Каким образом Веландер и Эрикссон — а обоих уже нет в живых — вдруг появились в деле о захвате западногерманского посольства? Почему так поздно? За полгода до истечения срока давности? При всем при том, что никто за двадцать лет пальцем не шевельнул, чтобы довести дело до конца.

Обо всем этом не было ни слова в принесенных Викландером бумагах.

— Наверное, Берг постарался, — решил Юханссон. — Ты с ним говорил?

— Нет. Хочу сначала сам получше разобраться.

— Разумно, — согласился Юханссон. — Попробуй узнать, кто занес их фамилии в дело.

Очень и очень любопытно, подумал он.

— Да… — протянул Викландер. — Обвинение им теперь вряд ли предъявишь.

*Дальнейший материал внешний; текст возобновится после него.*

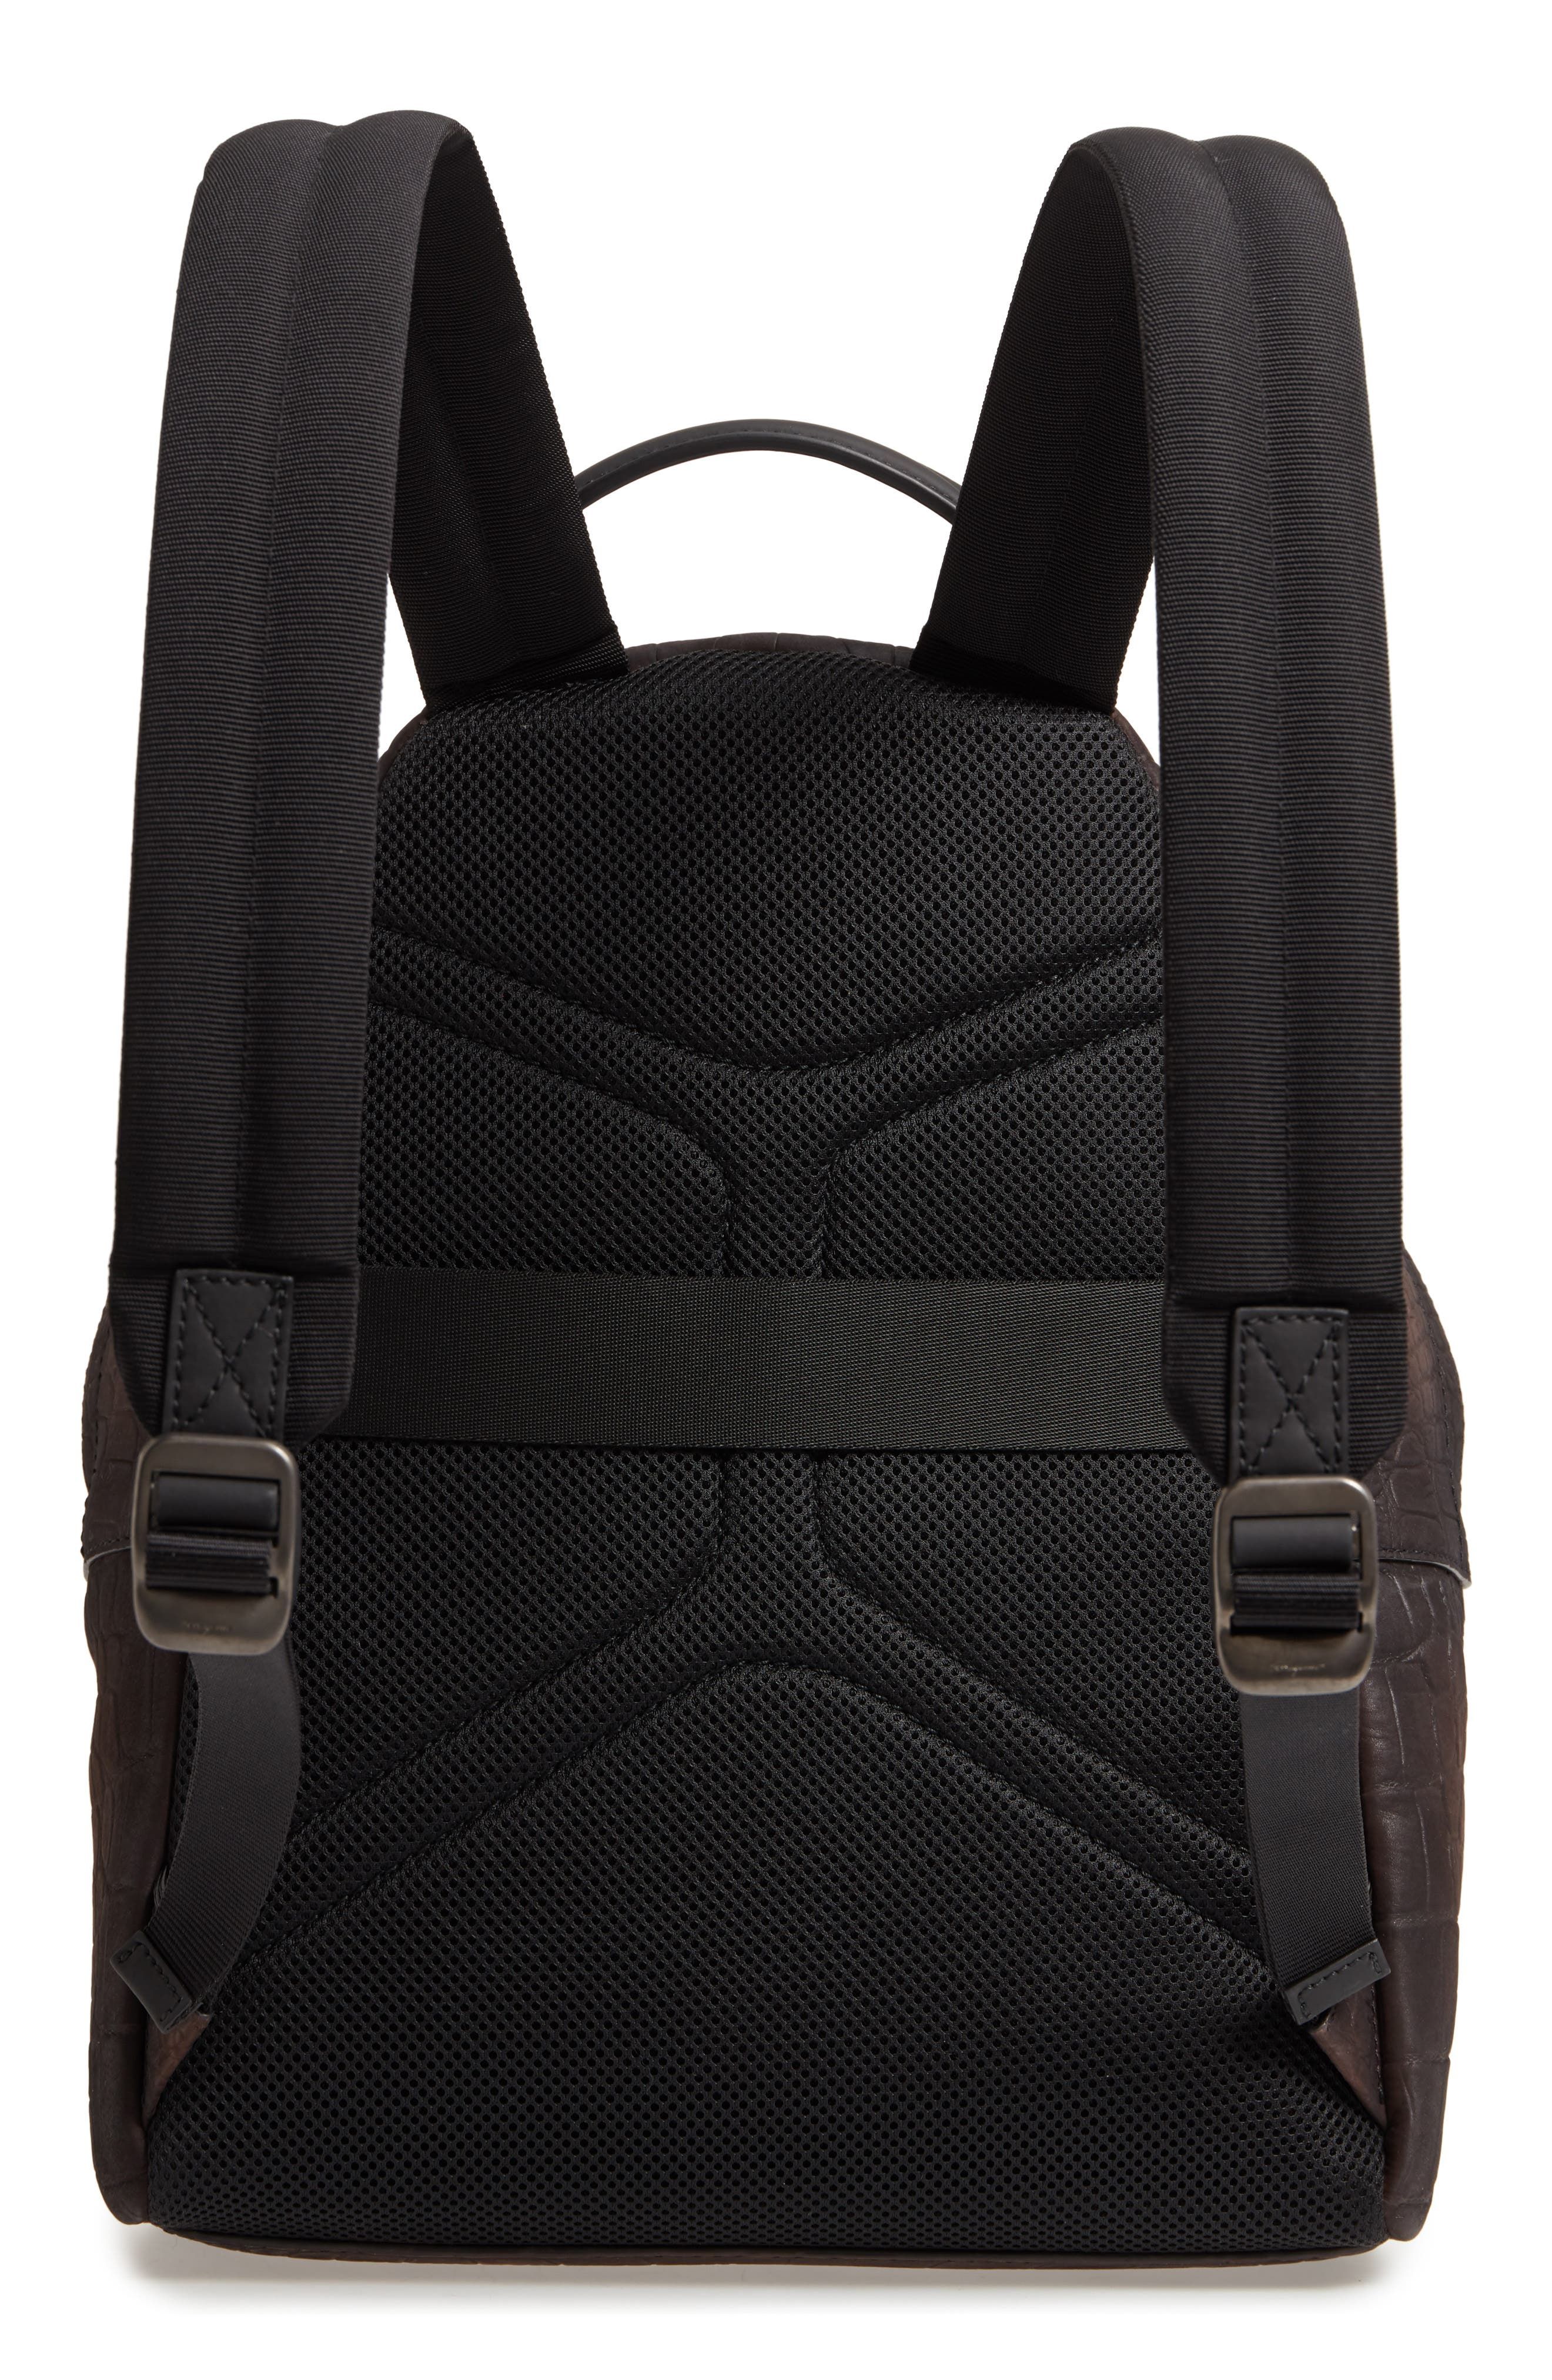 Firenze Leather Backpack,                             Alternate thumbnail 3, color,                             Moro

Впрочем, сказал он это просто так: когда речь шла о настоящей следственной работе, юридические вопросы его не особенно интересовали.

24

Март 2000 года

Почему Викландер был не таким же хорошим, а почти таким же хорошим полицейским, как его начальник, легендарный Ларс Мартин Юханссон, — вопрос не особенно интересный, поскольку Викландер был хорош сам по себе. Получив в свое распоряжение папки с делом о нераскрытом убийстве Челя Эрикссона, имевшем место 30 ноября 1989 года, он заперся в кабинете, отключил телефон и для надежности включил красную лампочку над дверью.

Потом Викландер приступил к работе, и перед уходом домой он был почти уверен, что догадывается, как было дело… Хотя не сумел бы объяснить, откуда взялась эта уверенность. Особое полицейское чутье, сделал он философское заключение и откинулся в кресле: ему хотелось привести в порядок мысли.

Если не усложнять, решил он, можно не сомневаться, что два из четырех исчезнувших пару лет назад из регистров имен принадлежали ныне почившему телевизионщику Стену Веландеру и убитому Эрикссону. Но кто еще двое?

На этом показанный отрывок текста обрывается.